Warning on meat price hikes

THE price of red meat is likely to increase by at least 6% this year as the industry anticipates a rise in demand from international buyers.

The Eastern Cape Red Meat Producers' Organisation sounded this warning yesterday following the lifting of an export ban on South African red meat instituted due to an outbreak of foot and mouth disease three years ago.

The ban had cost the industry about R3-billion a year in exports over the past three years, Agriculture, Forestry and Fisheries Minister Tina Joemat-Pettersson said yesterday.

Eastern Cape Red Meat Producers' Organisation chairman Dr Pieter Prinsloo said consumers could be in for a price-hike shock.

"With the rand-dollar variation, the fuel and electricity price going up drastically and the demand for meat, I think in the second half of the year, there will be price hikes of between 6% and 8%.

"The worst is over now but we want the consumer to eat red meat. We are very happy about the ban being lifted. In the past three years farming took a huge knock and we are looking at buyer security now," Prinsloo said.

However, Agri Eastern Cape president Ernest Pringle said he did not believe there would be a price increase, as farmers did not determine prices.

Agri Eastern Cape was hopeful the lifting of the ban would improve meat exporting, Pringle said.

"The meat price should remain unaltered, in my opinion at least. Producers are only taking in 40% of the price. It's not the producers who determine the price – it's retailers and processors."

On Friday, the International Animal Health Organisation declared South Africa to be free of foot and mouth disease, but said it would continue to ensure that the required measures were fully implemented in the disease control areas of Mpumalanga, Limpopo and KwaZulu-Natal.

Joemat-Pettersson said yesterday to prevent and manage the disease, the government would build a R500-million state-of-the- art veterinary institute in Pretoria.

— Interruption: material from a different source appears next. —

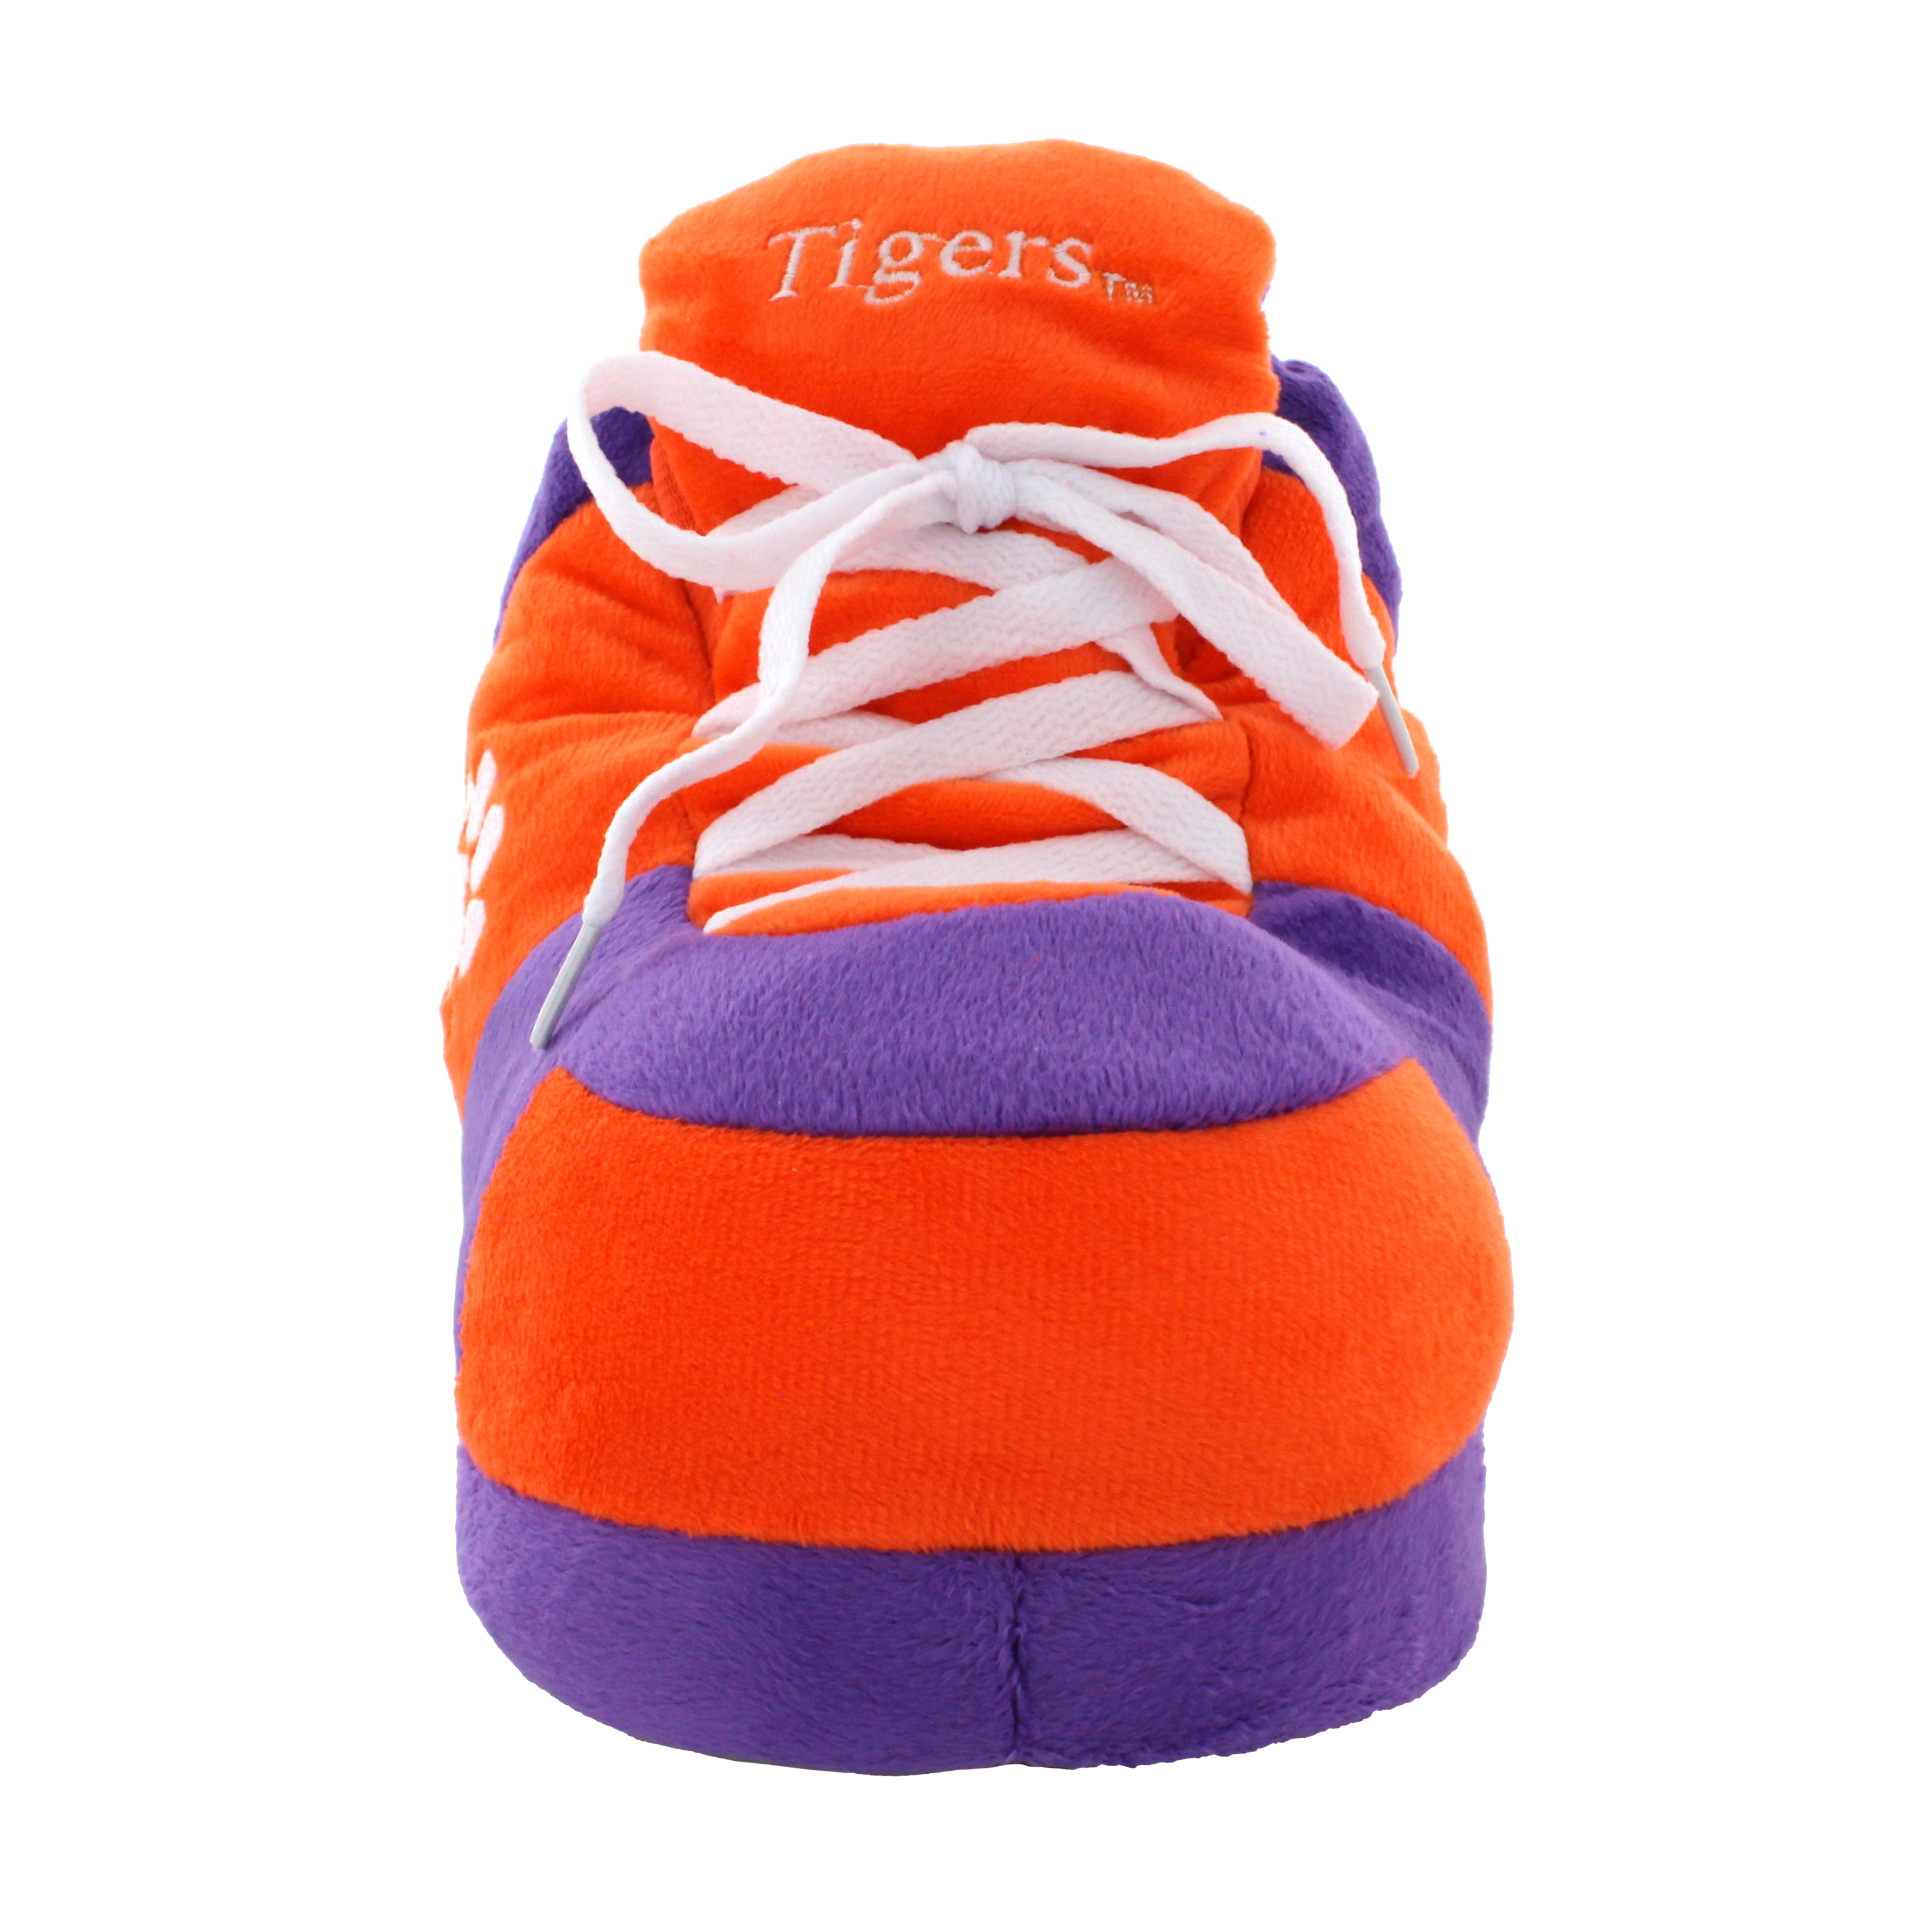 Clemson Tigers Original Comfy Feet Sneaker Slipper, X-Large - image 5 of 8

It would be used to train researchers, to equip them to manage the disease.

Young scientists would be recruited to do post-graduate studies and research as another way of dealing with animal health.

Twenty-seven fully equipped mobile clinics with operating theatres would be deployed to all provinces and would bring veterinary services to rural areas where they had not previously been, Joemat-Pettersson said.

Construction work on a vaccine production facility was at an advanced stage and, once completed, it would strengthen the department's disease management systems, she said.

Prinsloo said the lifting of the ban meant Eastern Cape farmers would export to China, Japan, India, Australia, America, Botswana and Namibia.

"There is also a huge demand for halaal meat in Arab countries like the UAE."

He said farmers in the Eastern Cape had been struggling for eight of the last 10 years because of natural disasters like fires, drought and snow.

"I had to cut down on two members of my staff of 12 this year. Farming is not as good as everyone thinks, but we believe this will be a better season because of the [extra] demand," Prinsloo said.